Let's chase our newline character again, but this time in GCC's source code. If we start in the lexer and follow the trail we end up at the convert_escape function. Here's a trimmed version of that:

static const uchar *
convert_escape (cpp_reader *pfile, const uchar *from, const uchar *limit,
        struct _cpp_strbuf *tbuf, struct cset_converter cvt,
        cpp_string_location_reader *loc_reader,
        cpp_substring_ranges *ranges, bool uneval)
{
  /* Values of \a \b \e \f \n \r \t \v respectively.  */
#if HOST_CHARSET == HOST_CHARSET_ASCII
  static const uchar charconsts[] = {  7,  8, 27, 12, 10, 13,  9, 11 };
#elif HOST_CHARSET == HOST_CHARSET_EBCDIC
  static const uchar charconsts[] = { 47, 22, 39, 12, 21, 13,  5, 11 };
#else
#error "unknown host character set"
#endif

  uchar c;

  /* Record the location of the backslash.  */
  source_range char_range;
  if (loc_reader)
    char_range = loc_reader->get_next ();

  c = *from;
  switch (c)
    {
    // snip
    case 'n': c = charconsts[4];  break;
    // snip
    }

    // snip

  return from + 1;
}

We have 10! When \n is seen in a string literal by this compiler, it looks up the numeric value in the HOST_CHARSET, which here for ASCII is the value 10. If it wasn't for GCC being written to have different character sets you would probably have just seen \n here again.

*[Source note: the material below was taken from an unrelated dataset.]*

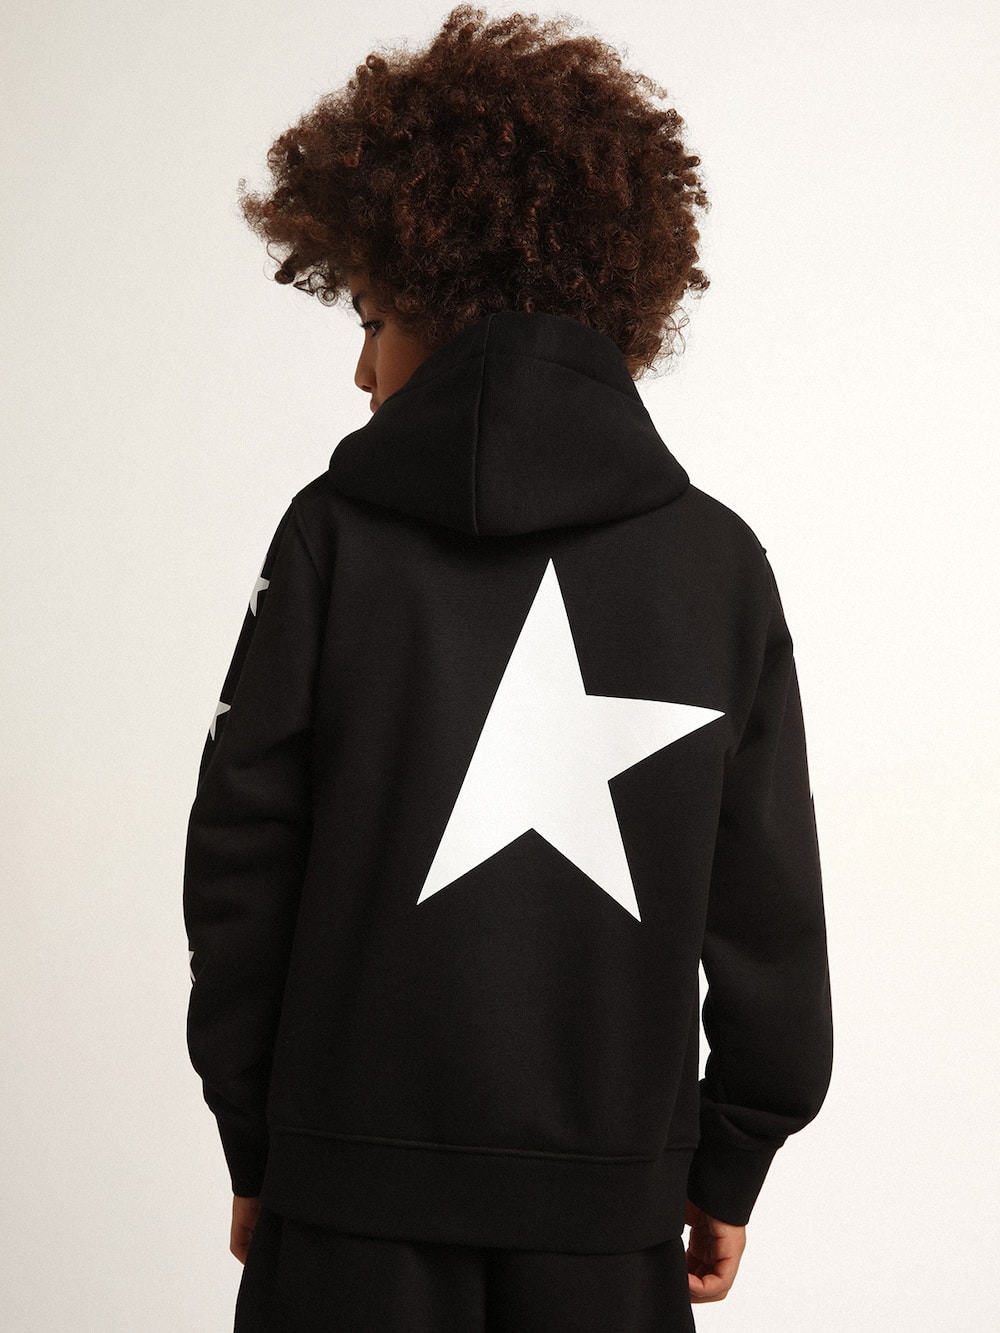 Golden Goose - Boys’ hooded sweatshirt in black with contrasting white stars in

So for this chain of programs, the knowledge of \n being 10 isn't in our source code, it wasn't even in the interpretter source code, but it was finally in the interpretter's compiler source code. This trail ends quite suddenly, but it could have gone much further. In theory this knowledge could have been encoded in long-lost assembly or even handmade machine code, carried forward purely through the produced executables.

Trusting trust

This is more general than newlines, every other ASCII character has a similar 'hidden knowledge', and arbitrary knowledge or behaviour could be hidden. This idea was part a speech by Ken Thompson, titled 'Reflections on Trusting Trust'. It's not clear what the best source to link to is, so feel free to search for the title.

There are efforts to make this bootstrapping process more transparent and therefore trustable, such as bootstrappable which also has some great further reading.